W – Falando agora sobre a personagem Kratos. Evoluiu de um assassino de deuses do Olimpo, cruel e gutural, uma força da natureza e, agora é um pai mais protector.

RC – É um pai, mas não deixa de ser gutural e essa força da natureza. Eu acho que o Kratos é um pouco aquilo que nós todos somos. Partimos de um princípio, quando o conhecemos, que “este gajo é doido, é uma besta, mata família toda”. Mas, no fundo é um revoltado porque quer ser um homem normal. Esta é a dualidade do “ser ou não ser” e todos nós passamos por isso. A própria sociedade obriga-nos a tomar um certo tipo de padrão e porque não podemos ser diferentes? Porque não fazer as coisas à nossa maneira? E, às vezes, até apetece partir tudo… (risos) Eu sou fã do Kratos, confesso. Não sou violento como ele, mas acho que tem um pouco de todos nós. Há sempre uma razão para o que acontece.

Na questão de ser pai, muda a personalidade, não muda a personagem. Mas, o Kratos está mais velho e qual é o homem que não fragiliza perante um filho? Qual é o homem que não fragiliza quando tem consciência que o problema do filho é ele não se assumir como deus? É humano.

W – E essa transformação notou-se nas falas e nas emoções transmitidas.

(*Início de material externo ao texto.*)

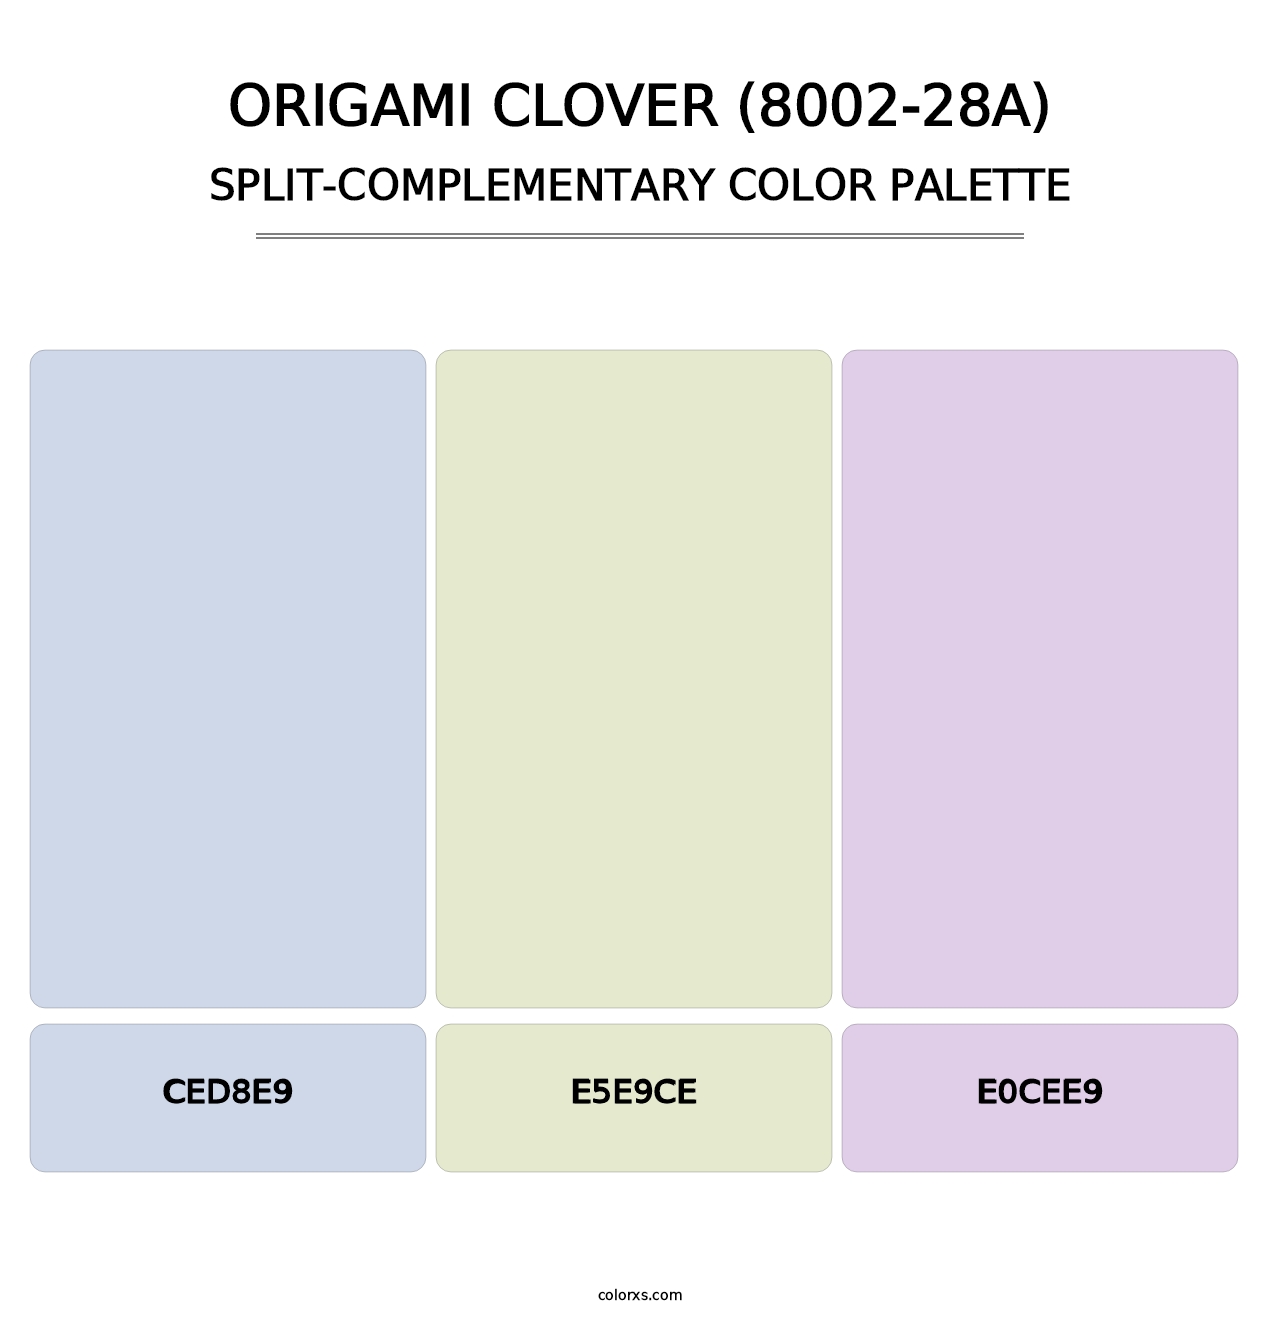 Origami Clover (8002-28A) - Split-Complementary Color Palette

RC – Nota-se nas falas, nota-se na interacção e na relação dele com o filho. Agora, não altera em nada a dinâmica e o lado guerreiro que eles têm. Porque o filho está naquela fase de adolescência, quer ir “a todas”. Kratos tenta controlá-lo para que ele aprenda, acima de tudo. Mas, nenhum dos dois perde a sua essência. God of War, continua a ser God of War.

Esta entrevista foi realizada ao vivo. A ordem das questões, assim como a transcrição, é nossa e assumimos algum erro ou imprecisão na gramática. As informações concretas, porém, são inteiramente reproduzidas.